▶ **Information shown**:
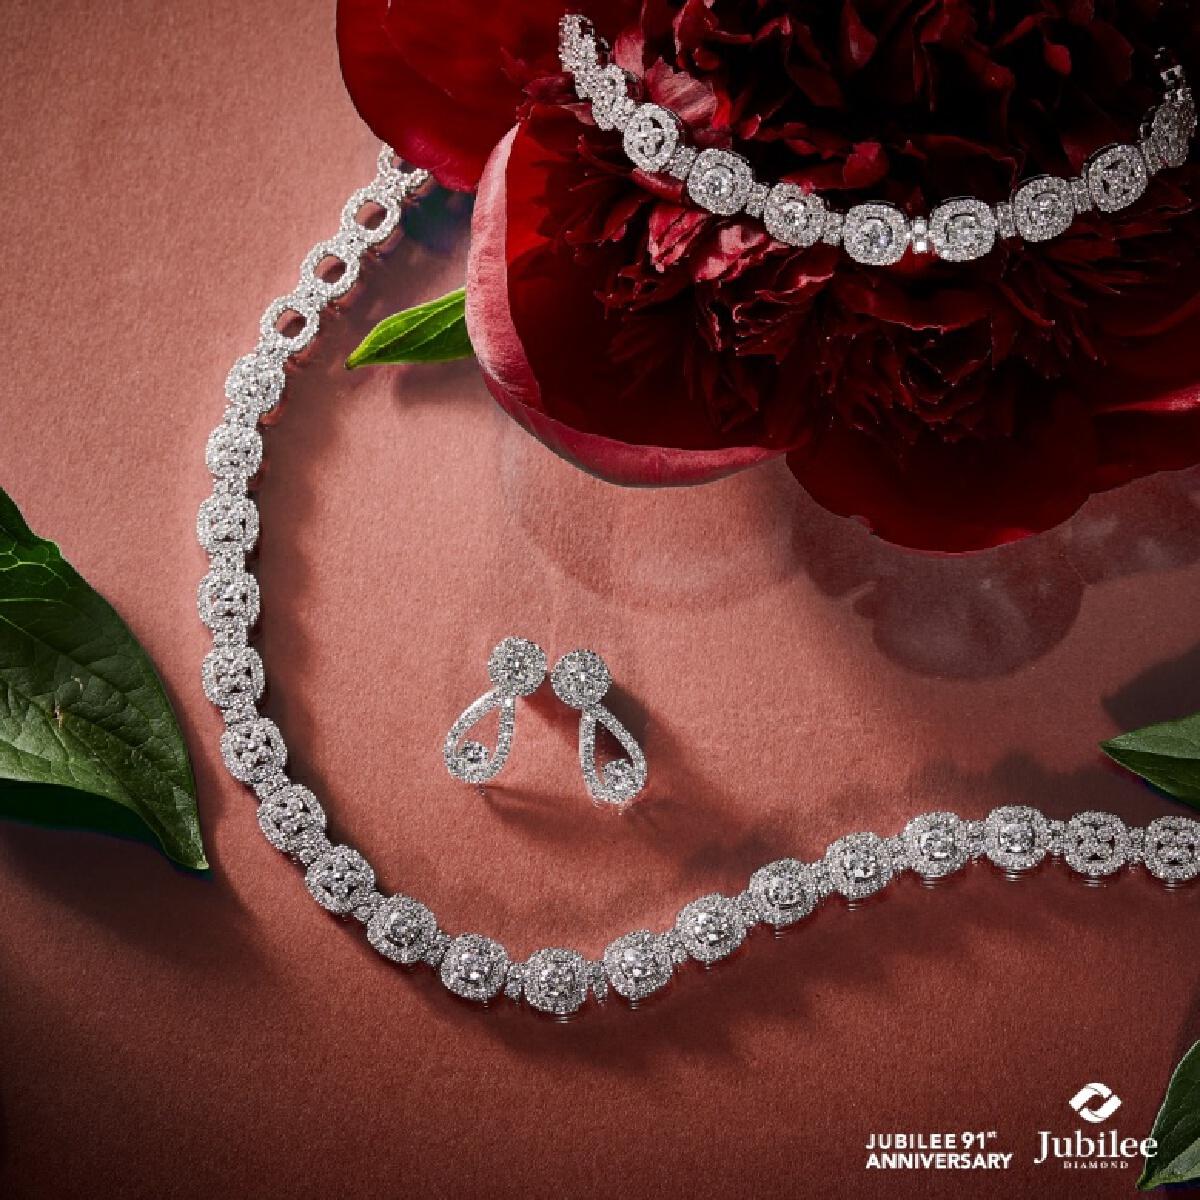 Jubilee Diamond แนะวิธีเลือกเครื่องประดับเพชรอย่างไรให้โดนใจทั้งผู้ให้และผู้รับ
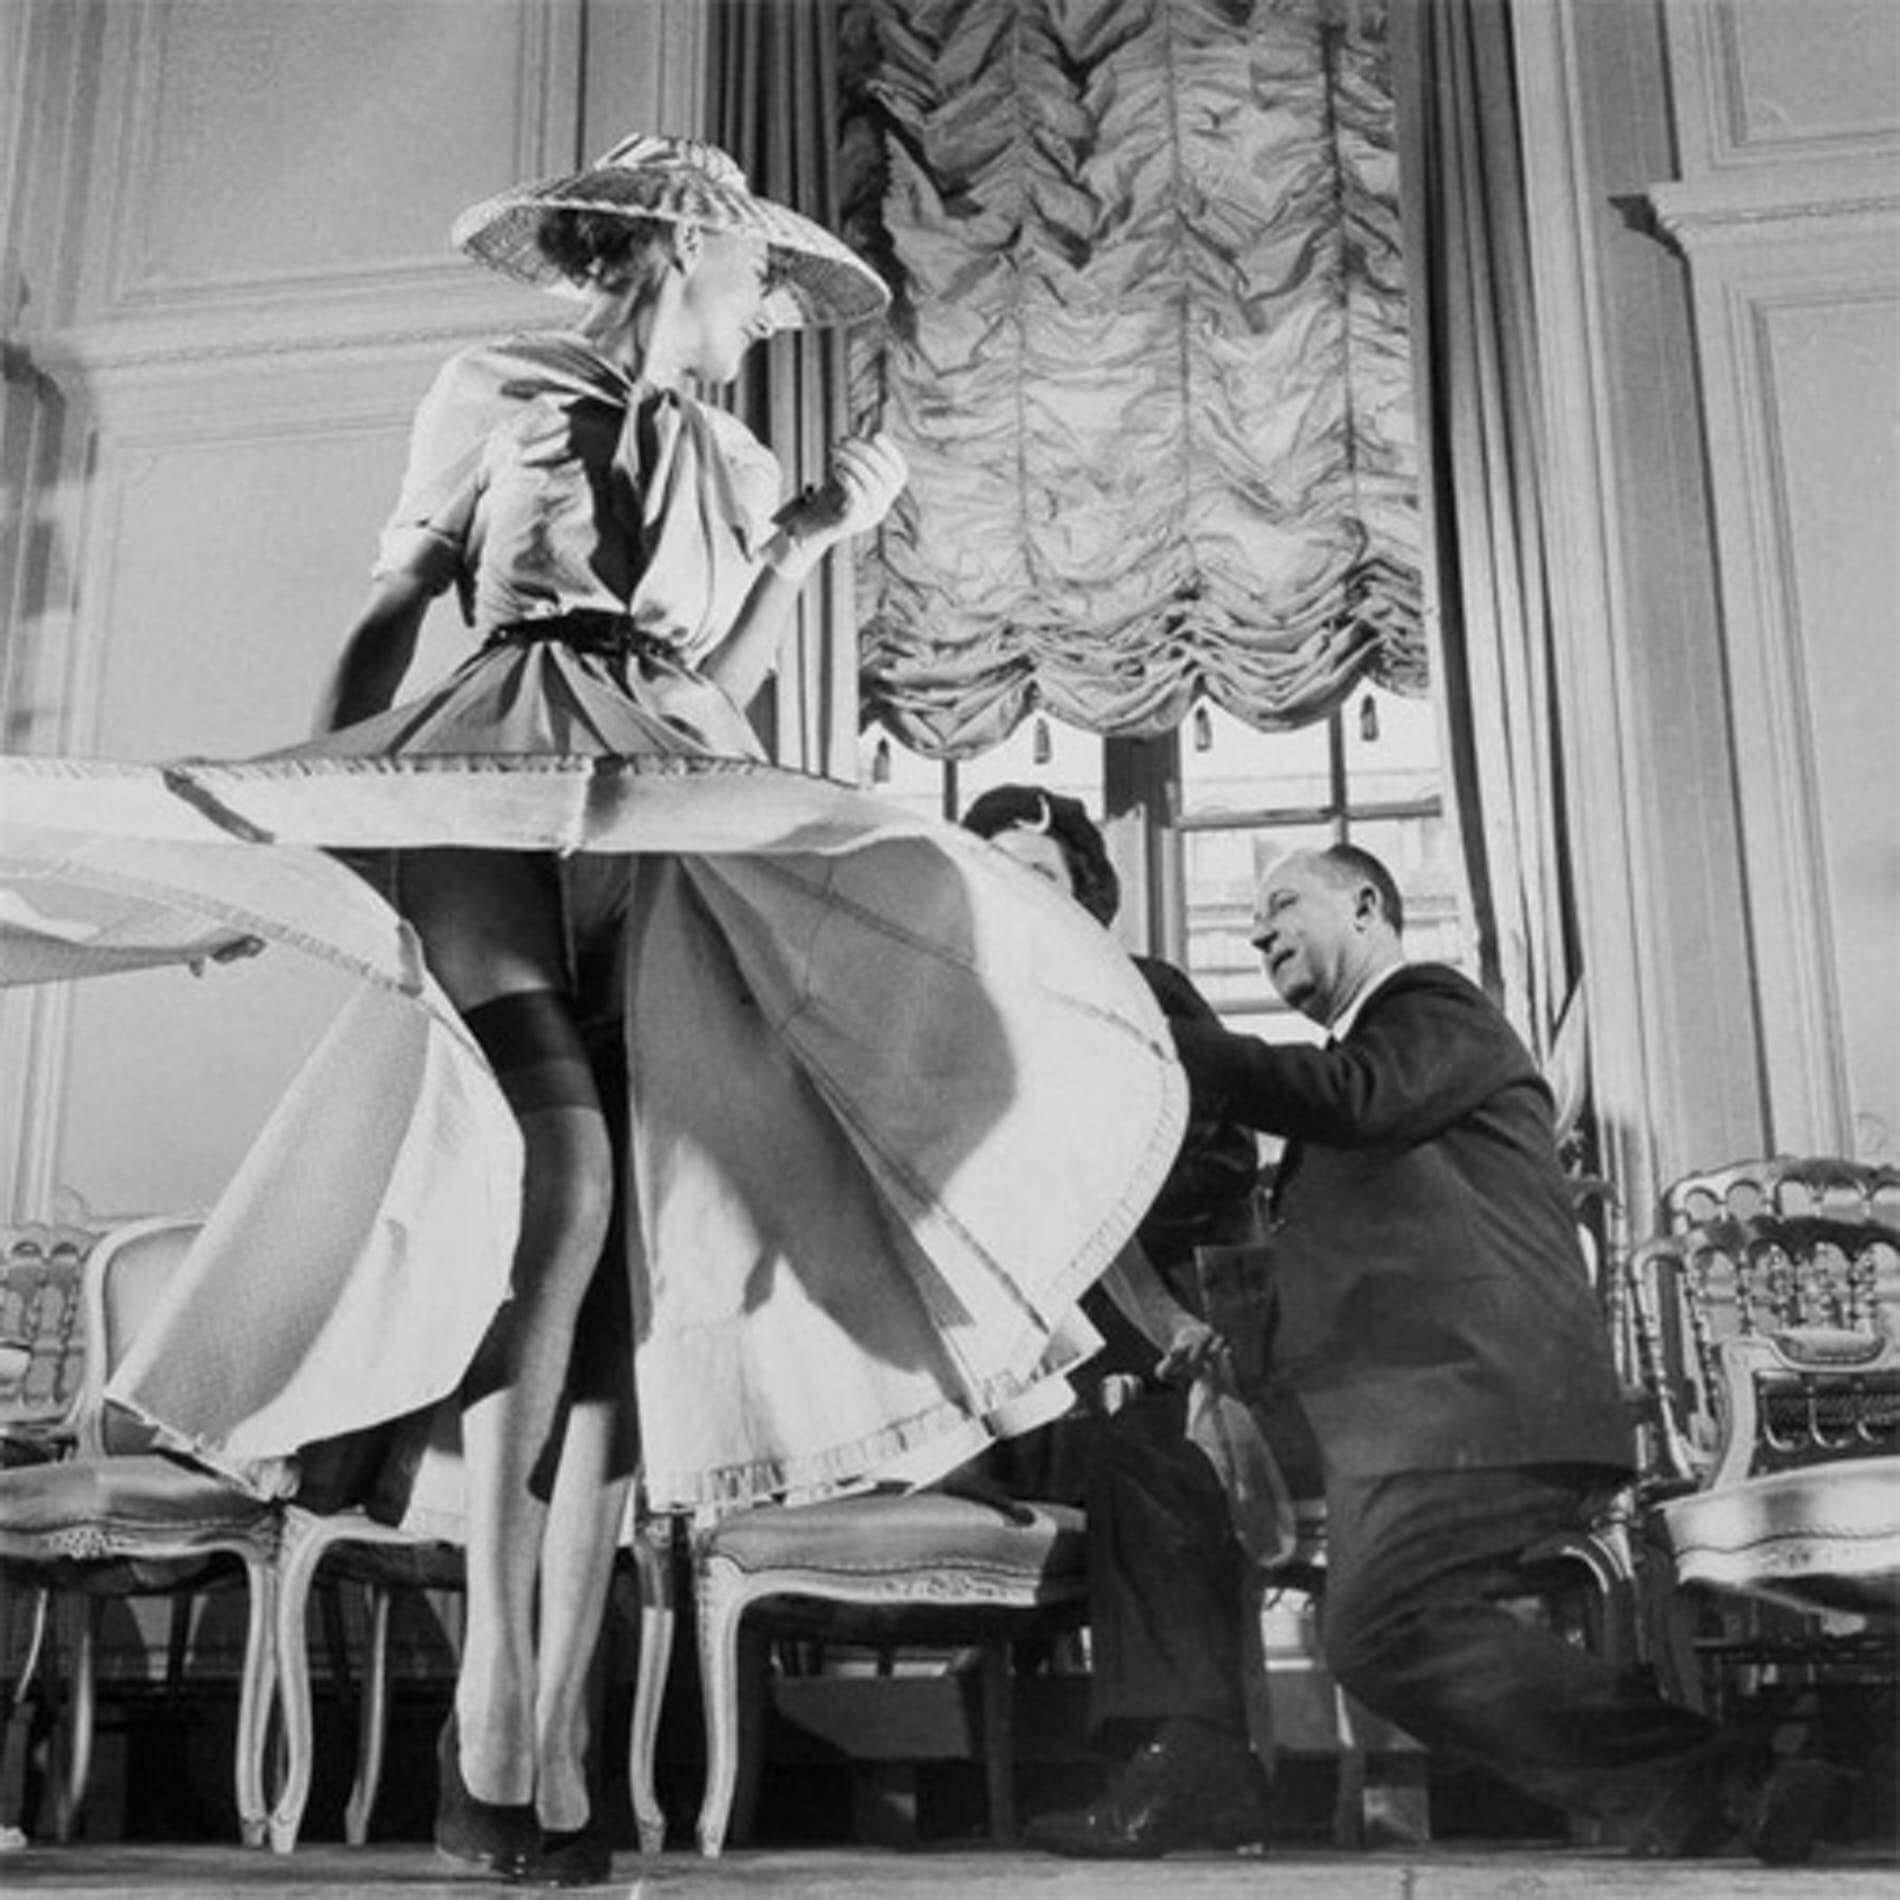 Mr. Dior一直視此花為自己的幸運符,亦以此花為靈感繆思。
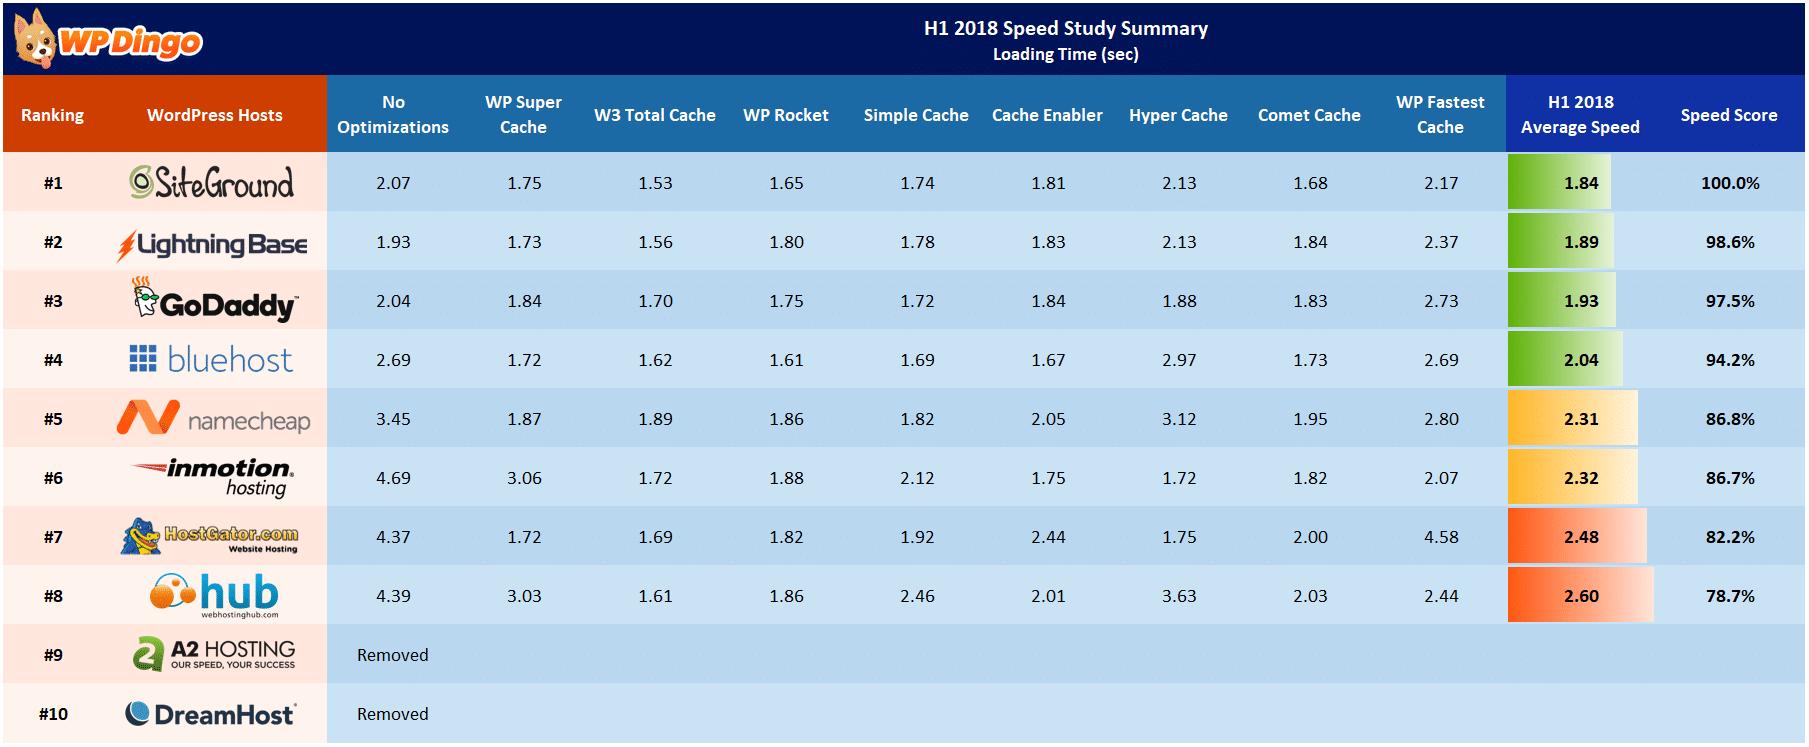 H1 2018 Speed Study Summary Table - All Hosts

▶ **Aim of the exercise**: Only the pictures are to be dropped; the rest of the material above must be duplicated exactly.

▶ **Exercise result**:
 Jubilee Diamond แนะวิธีเลือกเครื่องประดับเพชรอย่างไรให้โดนใจทั้งผู้ให้และผู้รับ
 Mr. Dior一直視此花為自己的幸運符,亦以此花為靈感繆思。
 H1 2018 Speed Study Summary Table - All Hosts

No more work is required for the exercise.